Action item: The line with "Marnie_Stealing Coat_Nicoe Guice.jpg" starts the range, and the last line of the listing ends it. Retype that range exactly, without pictures.

Information supplied:
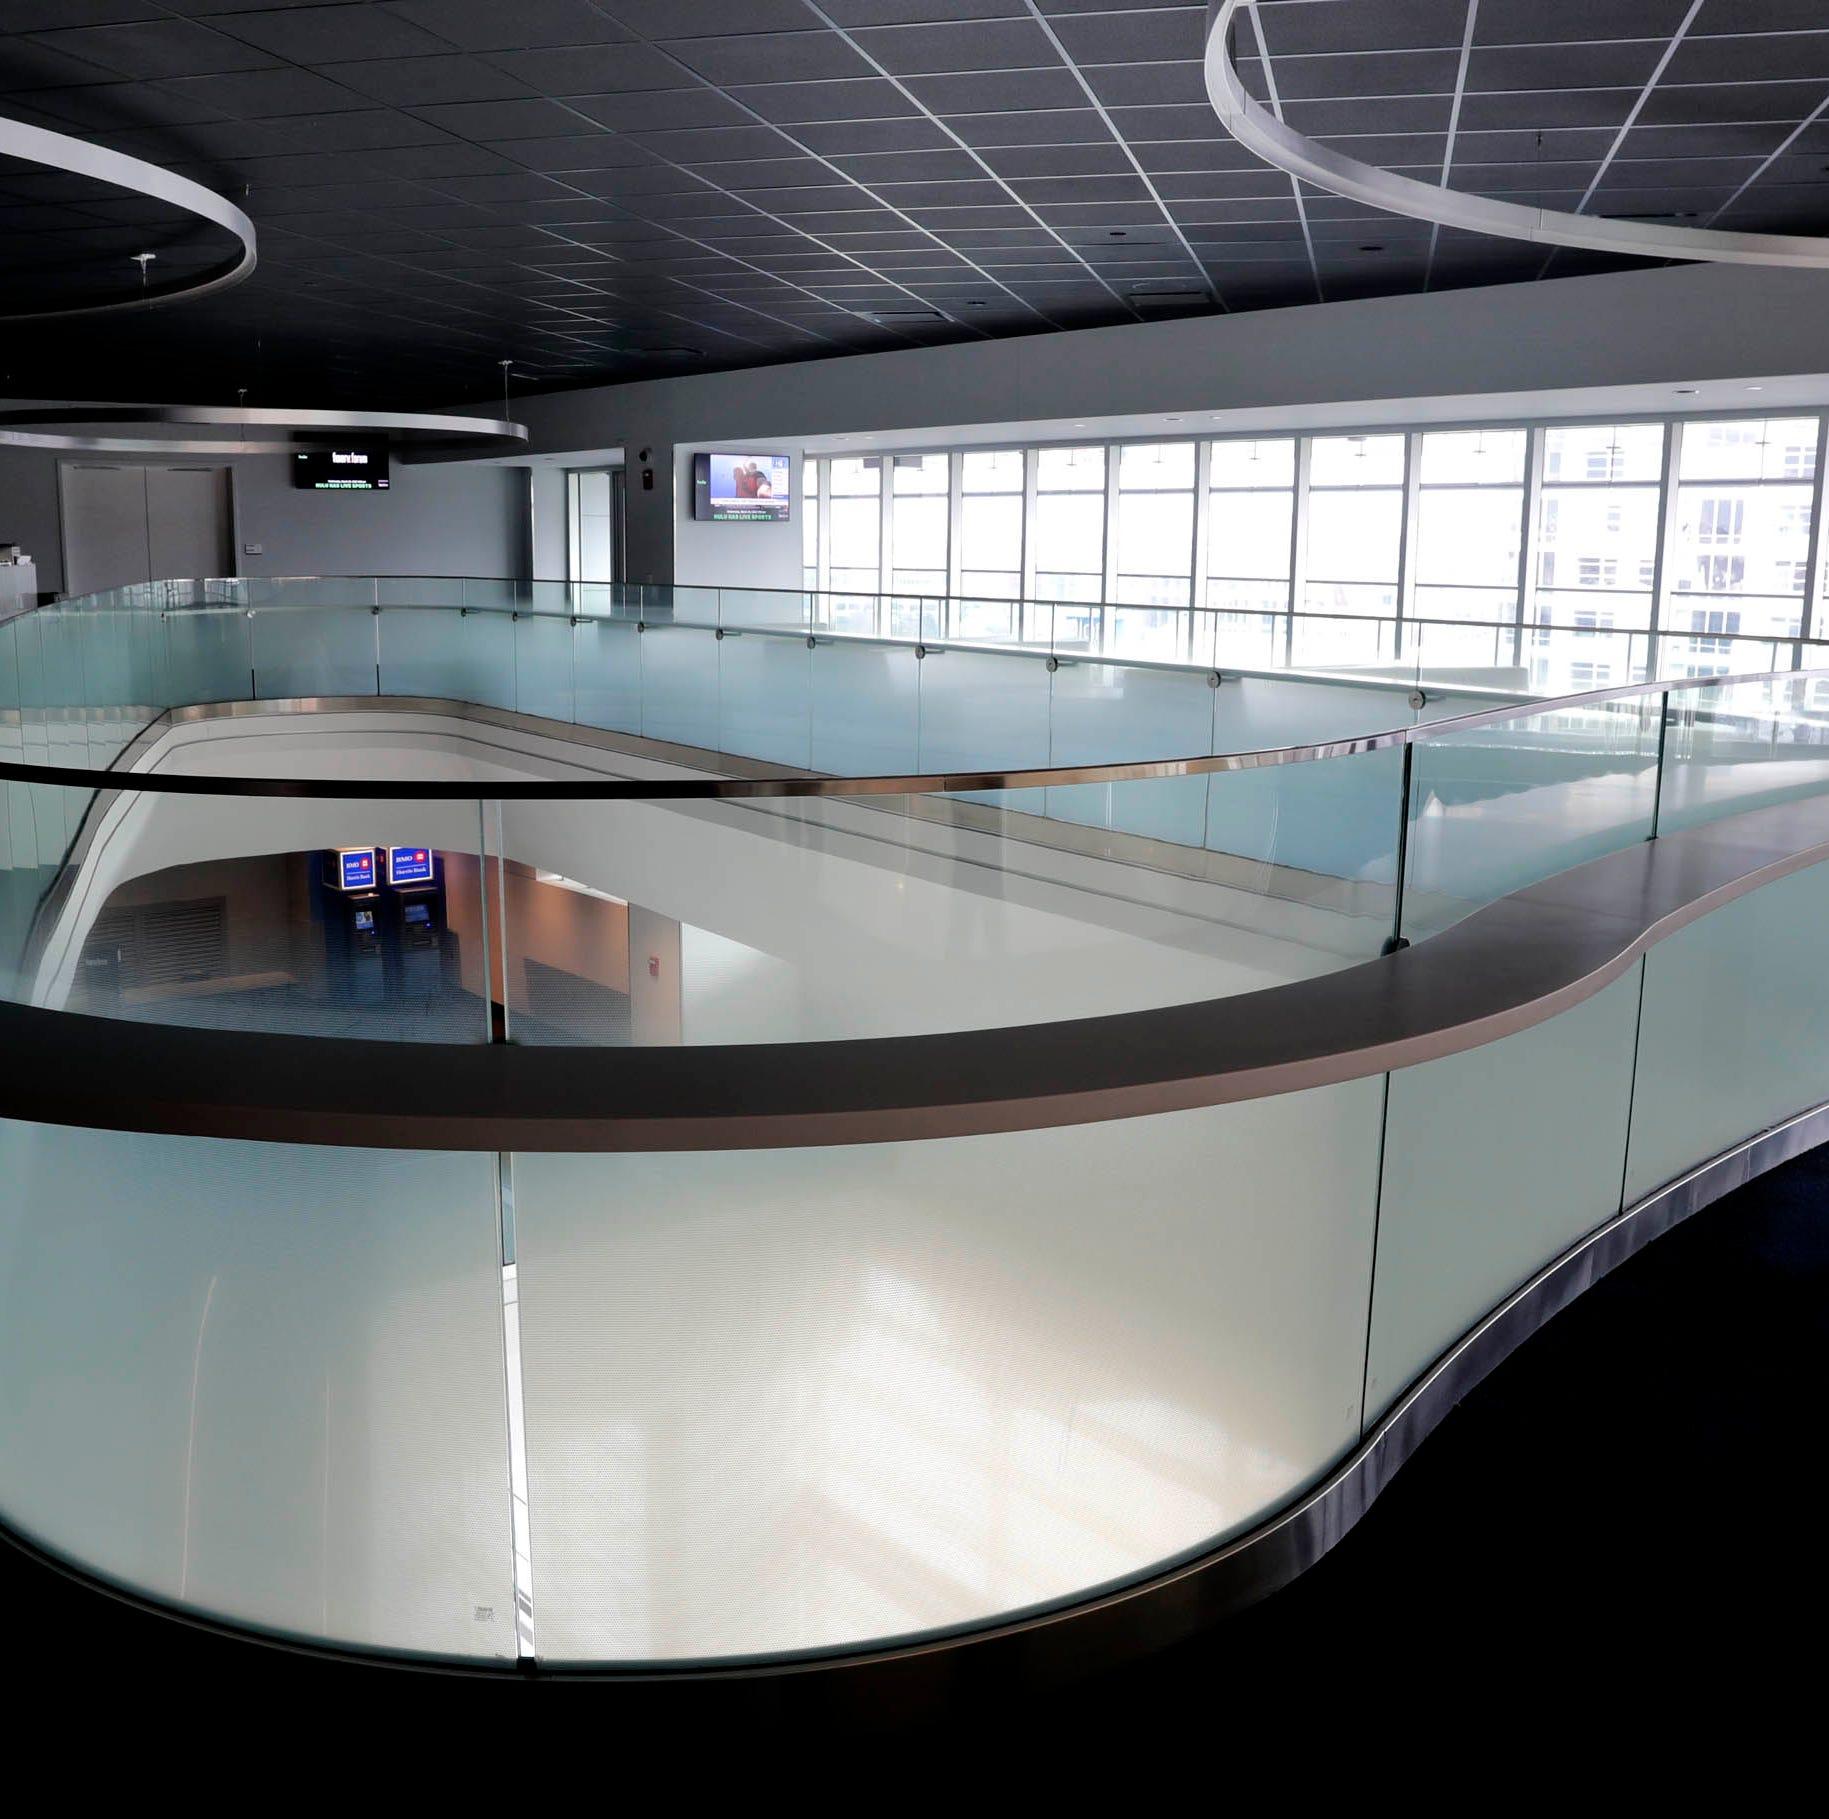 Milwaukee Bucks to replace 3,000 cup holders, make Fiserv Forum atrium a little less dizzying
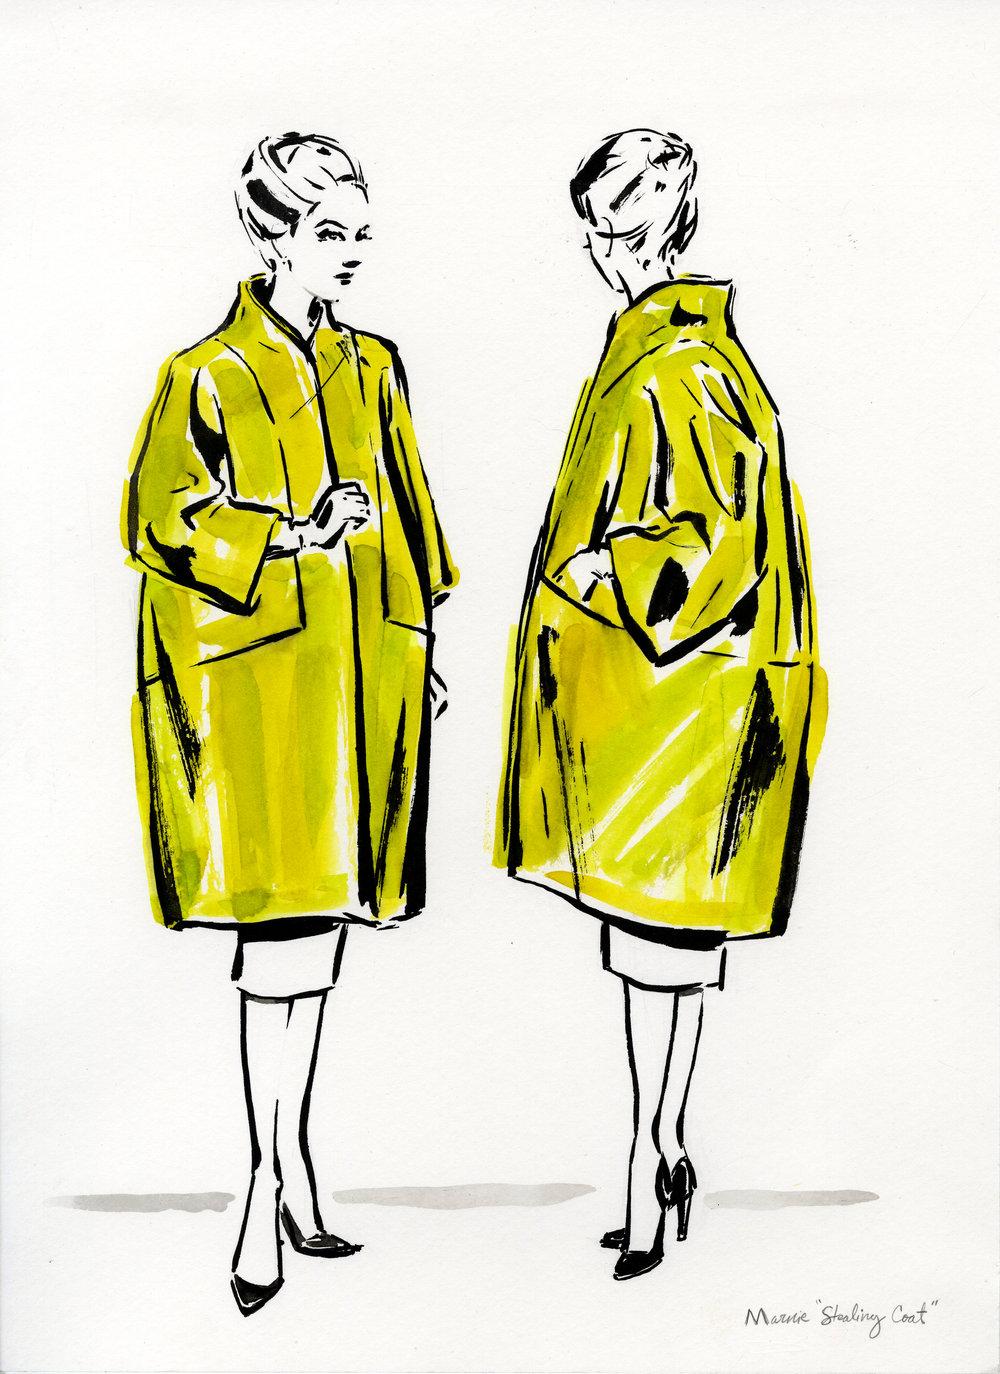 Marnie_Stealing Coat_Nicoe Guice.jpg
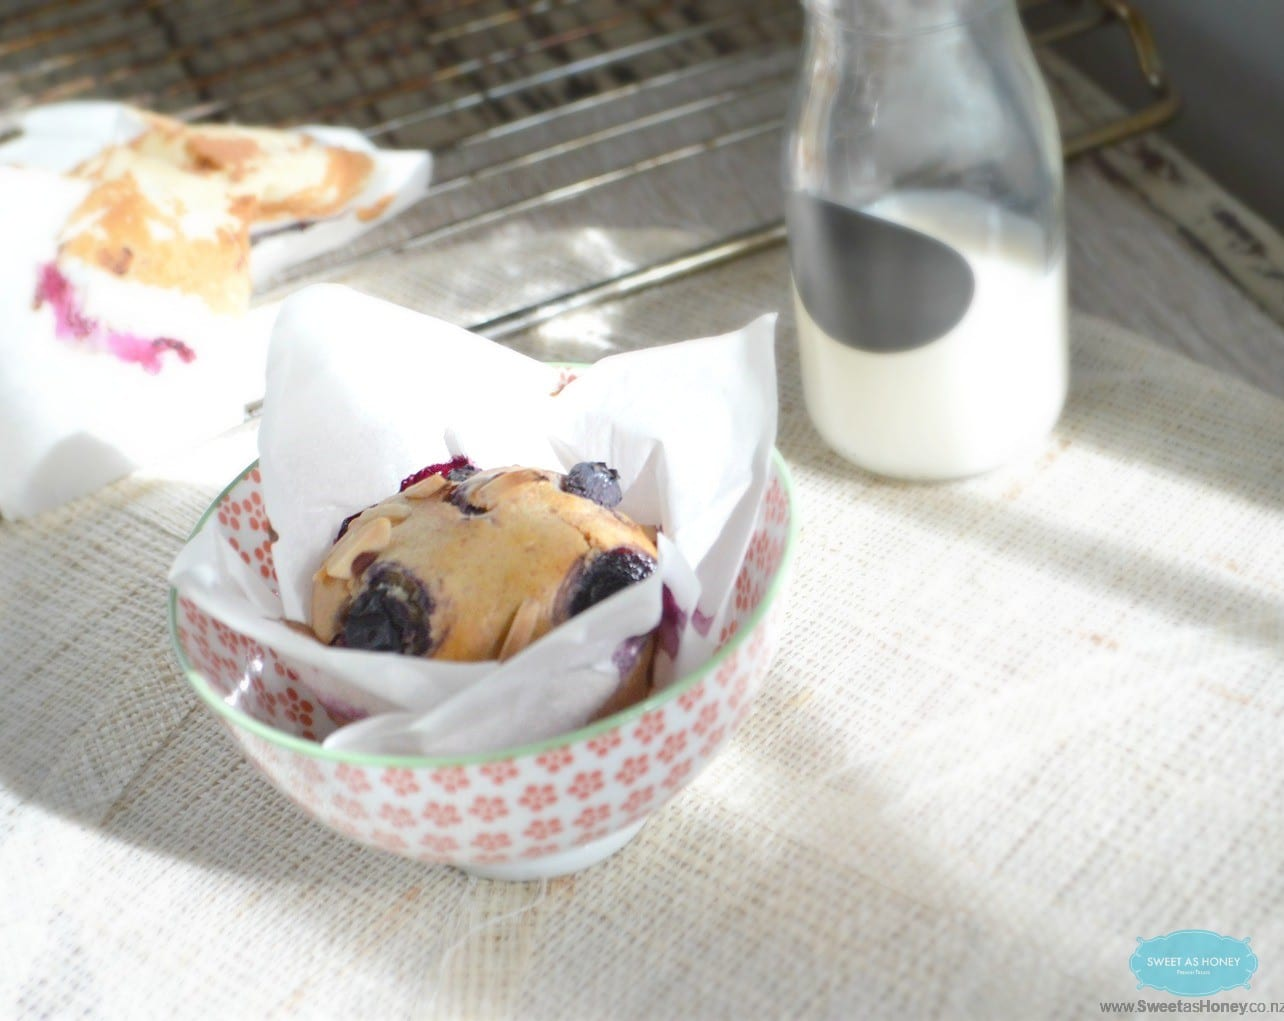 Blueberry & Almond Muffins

Completed exercise:
 Marnie_Stealing Coat_Nicoe Guice.jpg
 Blueberry & Almond Muffins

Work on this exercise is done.